La paura di perdere i figli non era ingiustificata: certe sentenze emesse in giudizi di separazione e divorzio erano piu’ pesanti di quelle dei processi penali e non erano previste condizionali, attenuanti o amnistie. Le pene erano scontate per intero,  da genitori e figli.

Se una moglie o un marito denunciava l’omosessualita’ del proprio coniuge aveva buone probabilita’ di ottenere la separazione per colpa e l’affidamento esclusivo dei figli,  facendone dichiarare la loro assoluta inidoneita’ a svolgere il loro ruolo di genitori.

Negli ultimi anni, se il  Parlamento ci ha relegato come l’unico stato occidentale a tradizione democratica che non riconosca le unioni gay, un coraggioso vento di modernita’ e civilta’ ha fatto volare via dai tribunali pagine di ingiustizia e crudelta’.

Primo da ricordare, il Tribunale di Napoli che sin dal 2006 spiegava che “La contrarietà all’interesse del minore non può certo ritenersi insita nella identità omosessuale del genitore, così come non può esserlo nelle “opzioni politiche, culturali, religiose, che pure sono di per sé irrilevanti ai fini dell’affidamento”, poiché “l’omosessualità, infatti, e beninteso, è una condizione personale, e non certo una patologia, così come le condotte – relazioni omosessuali non presentano, di per sé, alcun fattore di rischio o di disvalore giuridico, rispetto a quelle eterosessuali” .

Nel giugno 2007, la Corte d’Appello di Brescia aggiunge a chiare lettere che una relazione extraconiugale di natura omosessuale “non può essere considerata intrinsecamente grave e tale da far ritenere presunta la lesione del diritto all’integrità personale dell’altro coniuge”

E ancora vanno ricordate le parole con cui il Tribunale di Bologna, nel 2008, ha disposto l’affidamento condiviso di una bambina ad entrambi i genitori, uno dei quali, il padre, dopo anni di matrimonio aveva compreso e coraggiosamente affrontato la propria reale identità sessuale
: “Il semplice fatto che uno dei genitori sia omosessuale non giustifica – e non consente di motivare – la scelta restrittiva dell’affidamento esclusivo”..
Altre e di ben altro tenore sono, tuttavia, le valutazioni che il giudice è chiamato a compiere onde, eventualmente, derogare alla regola generale sancita dall’art. 155 c.c. e disporre l’affidamento monogenitoriale della prole.”

Particolarmente apprezzabile e’ poi la sensibilita’ mostrata dalla pronuncia del Tribunale di Firenze  nel 2009 che non ha esitato a recepire le risultanze di una accurata e coraggiosa CTU: la relazione tecnica, in piena liberta’ da pregiudizi e  attingendo a prestigiose ricerche scientifiche, chiariva come l’omosessualita’ del genitore non danneggi lo sviluppo psico-fisico del minore, dando piena cittadinanza alla definizione dell’omosessualita’ come “variabile naturale del comportamento umano”, fatta propria dall’Organizzazione Mondiale della Sanita’ dal lontano 17 maggio 1990. Precisa anche che Non vi sono controindicazioni a rivelare l’omosessualità paterna alla prole, rivelazione che, da parte della coppia genitoriale, è ritenuta da entrambi necessaria. La letteratura in merito conferma la necessità di informare i figli prima possibile .”
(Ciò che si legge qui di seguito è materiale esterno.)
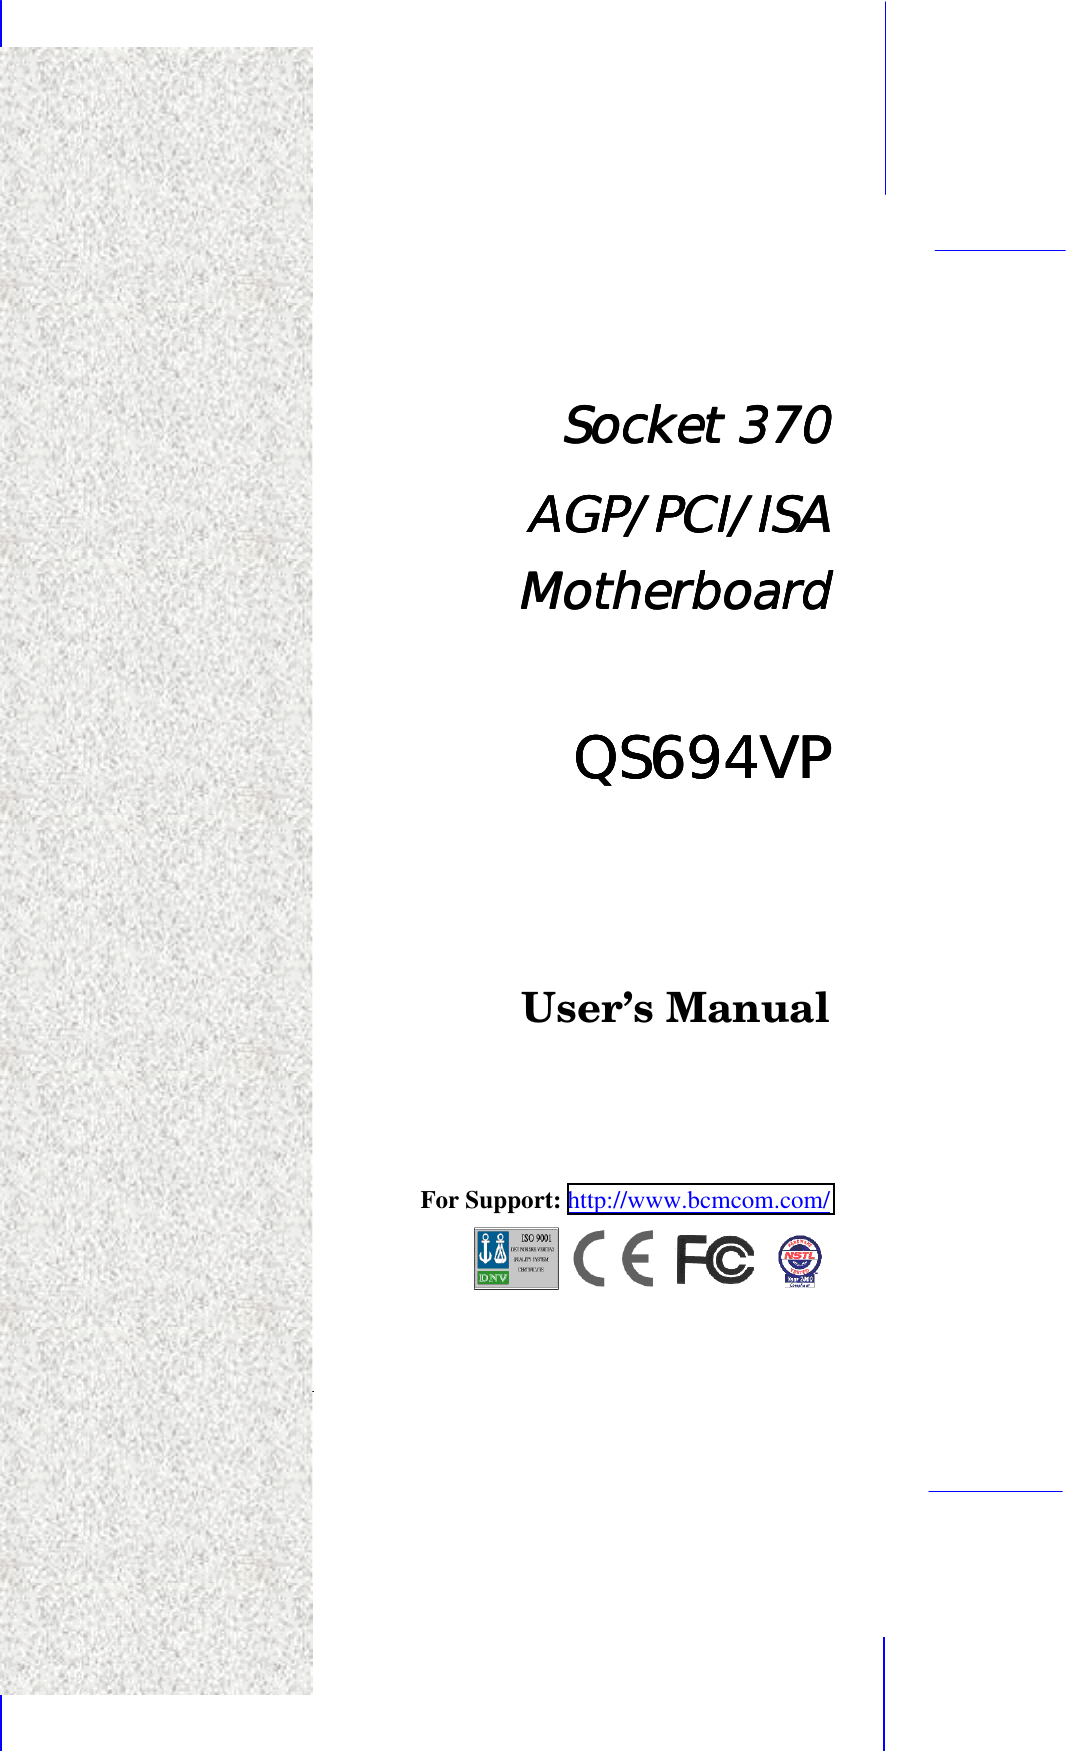   1  Socket 370 Socket 370 Socket 370 Socket 370     AGP/PCI/ISA AGP/PCI/ISA AGP/PCI/ISA AGP/PCI/ISA MotherboardMotherboardMotherboardMotherboard     QS694VPQS694VPQS694VPQS694VP       User’s Manual     For Support: http://www.bcmcom.com/

La strada e’ ancora lunga e piena di difficolta’, una parte della paura sicuramente resta ed e’ ragionevole: la separazione non e’ mai una vicenda semplice.

Tuttavia, con questi giudici le aule di tribunali diventano luoghi di confronto per persone di pari dignita’: l’augurio per chi vi entra e’ “Coraggio e consapevolezza dei vostri diritti!”